Scandal doesn’t have that problem, since its characters not only wear their hearts upon their sleeves, they have those hearts splintered on a nearly weekly basis. House Of Cards characters speak in whispered double-talk. Scandal characters scream in orgasmic prose. That screaming can be off-putting for people who hear “gladiators in suits” and quickly switch the channel. But the rapid-fire dialogue, a staple of programs from Scandal creator Shonda Rhimes, actually serves a higher purpose beyond simply shoving an incredible number of syllables into each sentence. Scandal characters talk that quickly because everyone treats what they’re saying as the last sentence they may ever utter. The dialogue directly relates to the heightened passions of all involved, from President Grant Fitzgerald (Tony Goldwyn) down to Pope’s hacker/former black-ops assassin Huck (Guillermo Diaz). All these people lack the filters that those on House Of Cards use to keep secrets closely guarded.

As an extension of those filters (or lack thereof), the series progress at markedly different paces.

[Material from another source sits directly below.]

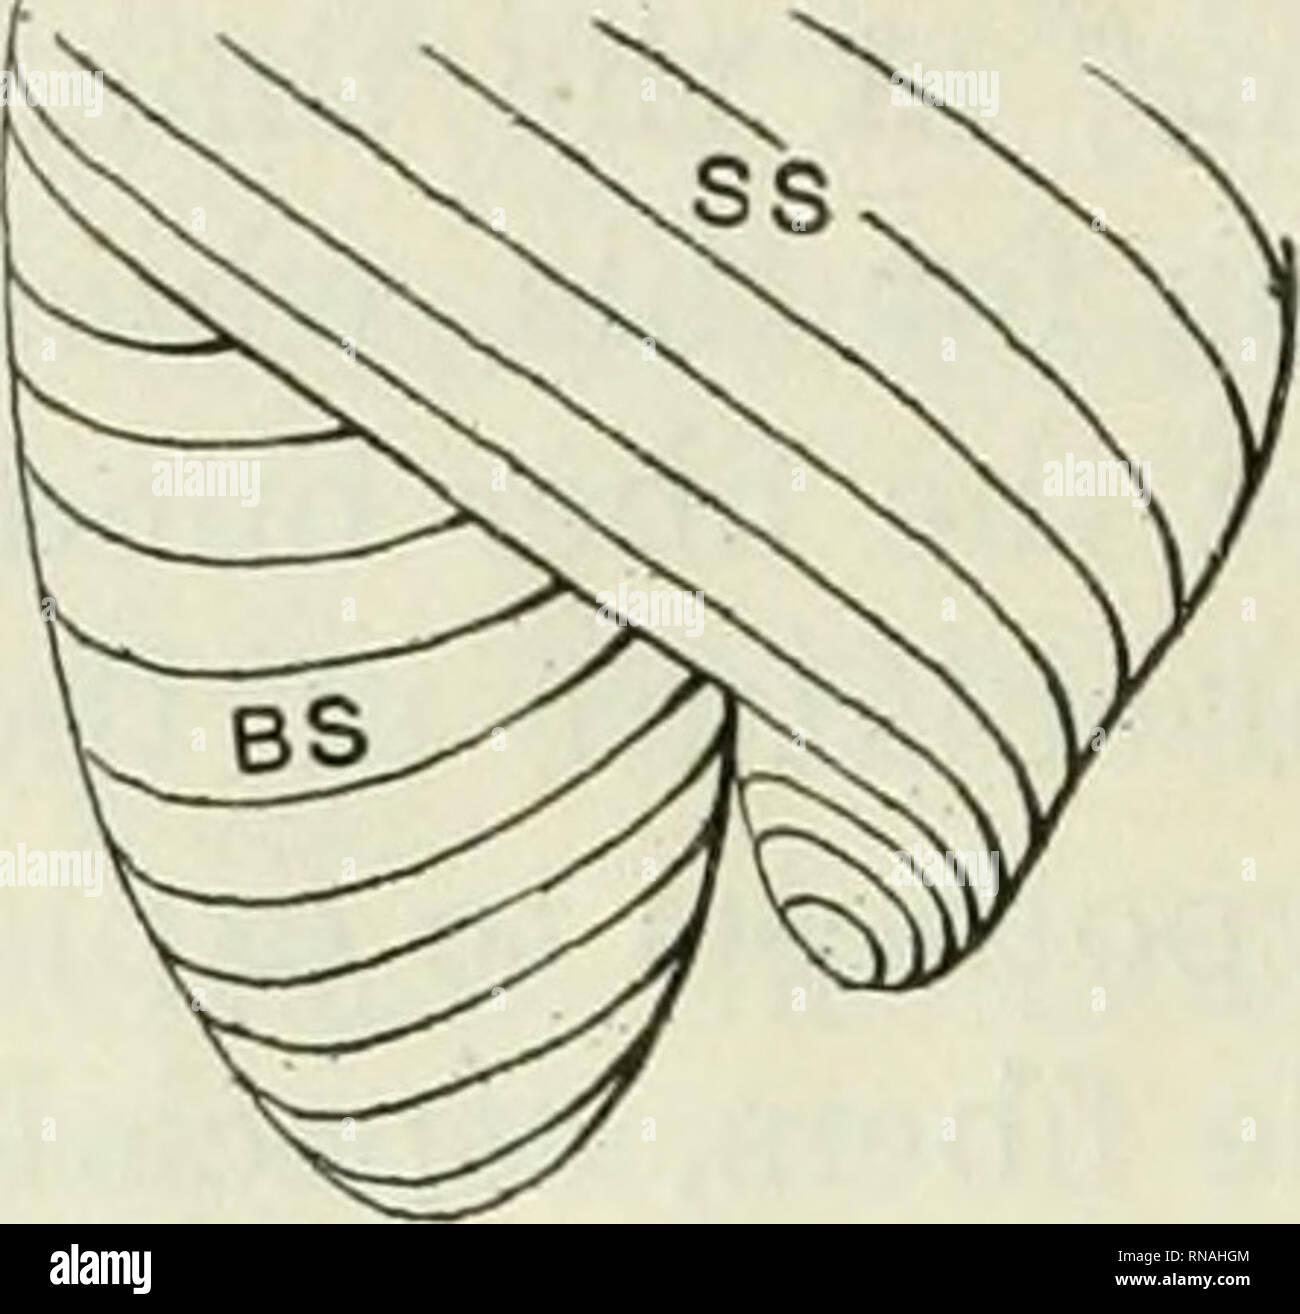 The anatomical record  Anatomy

Part of this pacing comes from those distribution differences: House Of Cards has a defined number of episodes that will absolutely be produced, whereas Scandal has been saved from cancellation twice in its brief lifespan. But those distribution models alone don’t entirely define the show’s storytelling approaches. Yes, House Of Cards has the luxury of knowing it can plant the seed for something in its second hour that will pay off in episode 10. But that approach also assumes that viewers will still be interested in that particular story point eight hours later.

In Olivia Pope’s world, by contrast, things move fast. Extremely fast. Whiplash-inducing fast. Part of this lies in Scandal leaning into its more operatic extremes in the second season. But it’s also a conscious decision to honor the audience’s investment in the show and pay things off in the short term rather than the long. Plenty of shows on the bubble in recent years have held story as hostage, promising greater things to come, should more episodes be ordered. NBC’s short-lived science-fiction series The Event comes to mind, with its season-ending cliffhanger that really should have happened at the end of the pilot. In reality, audiences fled The Event long before that reveal, which turned the season finale into a series finale. People who watch TV today are intensely savvy about the ways in which the sausage is made, and can smell stalling techniques from a mile away at this point. As such, there’s an appreciation from some quarters when a show like Scandal takes off the brakes and drives wildly into parts unknown.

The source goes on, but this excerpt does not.